Dive Brief:
- A survey of McDonald’s franchisees conducted by Kalinowski Equity Research shows that a number of franchisees are unhappy with the company’s response to the novel coronavirus outbreak.
- McDonald's same-store sales were down an estimated 25% to 30% in the first week of April, 20% to 25% in the second week of the month, and have improved since then, according to the Kalinowski report.
- “Deferrals only kick the can down the road. When the balloon comes due 25%-35% of Operators will go bankrupt," one franchisee wrote in the survey.
Dive Insight:
Franchisee responses in this survey offer insight into the tensions between corporate and operators, and the picture isn't pretty. For example, one writes that “Other companies are doing FAR MORE for their franchisees than McDonald’s. We get useless rent deferrals; others get rent ABATEMENTS.”
The Wall Street Journal reported earlier this month that the National Owners Association claimed "membership and most owners are increasingly losing faith in the partnership and company leadership." The NOA represents about 75% of McDonald’s more than 1,600 franchisees, according to Reuters.
At issue specifically for the NOA is McDonald’s decision to decline a two-week extension for franchisees’ April payments and requiring deferral payments as opposed to abatement on rent. McDonald’s owns most of its restaurants, while operators pay the company rent. That can complicate things, especially when company sales are down double digits because of the crisis. A sizable slice of McDonald's revenue stems from rent, according to Barron's.
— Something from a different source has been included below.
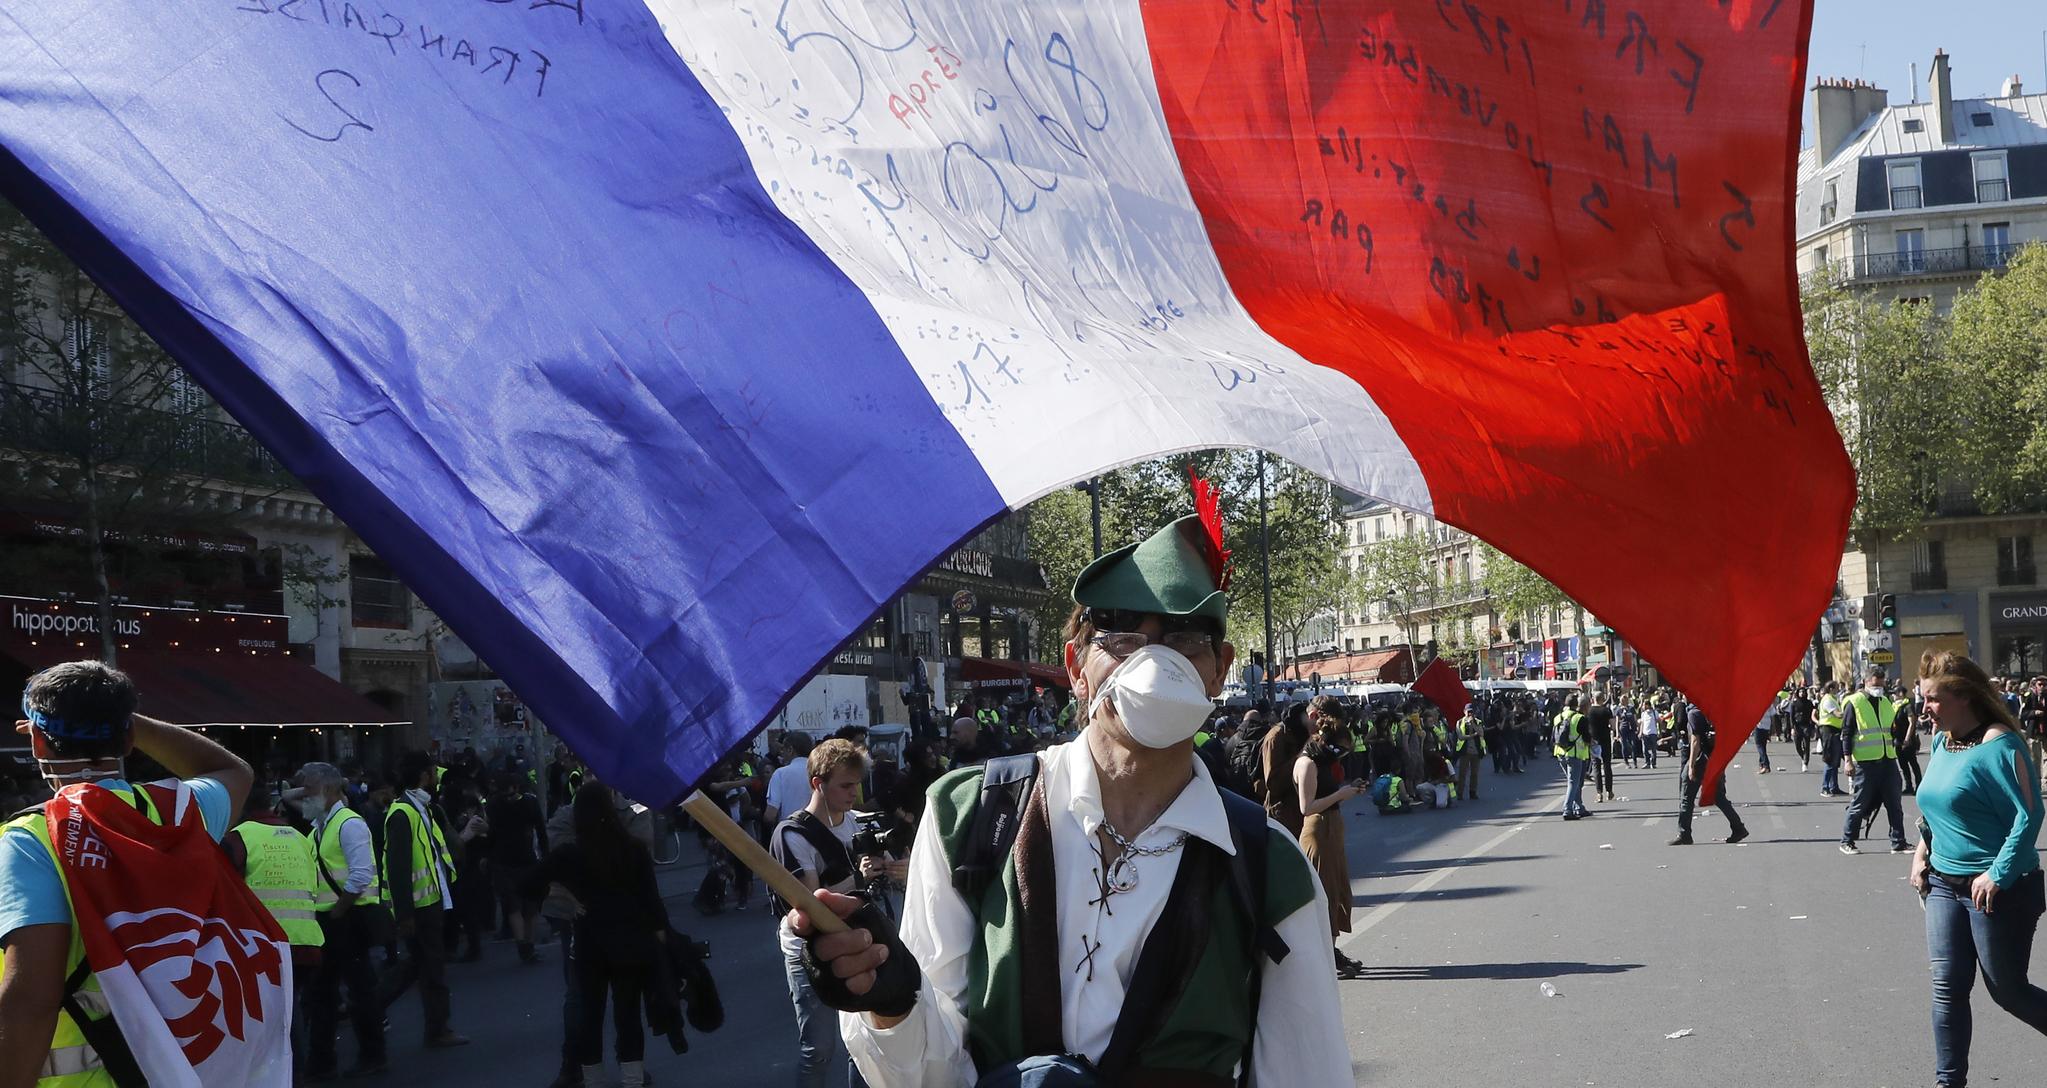 지난 20일(현지시간) 프랑스 파리에서 발생한 '노란 조끼' 시위에서 한 남성이 국기를 흔들고 있다.[AP=연합뉴스]

Times are hard for restaurants big and small, and tensions like this can easily arise in such a challenging environment. But perhaps most troubling for McDonald’s is the public nature of these grievances, including back-and-forth between NOA president Blake Casper and McDonald's U.S. president Joe Erlinger. As Business Insider reported, Erlinger responded to Casper in an April 9 letter by stating: “Your letter suggests that owner/operators in our US business are losing faith in management, but this faith seems predicated on unlimited financial support. If that's how the NOA seeks to define its relationship with McDonald's, then in reality, we don't have a relationship."
McDonald’s will report its earnings on Thursday, which may provide more insight on the state of the business and its relationship with franchisees. It’s worth noting, however, that the coronavirus isn’t the impetus behind franchisor/franchisee tensions at the company. The NOA was formed in late 2018 in response to costly remodeling fees and other issues. McDonald's extended its renovations deadline in response to the association’s demands. The NOA has also pressured corporate on menu changes, like adding a chicken sandwich to compete with Popeye’s and Chick-fil-A, which McDonald’s has been testing. In other words, the association has corporate’s ear.
Further, McDonald’s has a strong balance sheet, which should insulate the company more than most during this crisis. If the company needs to iron out any tensions, a strong recovery in a challenged environment can only help.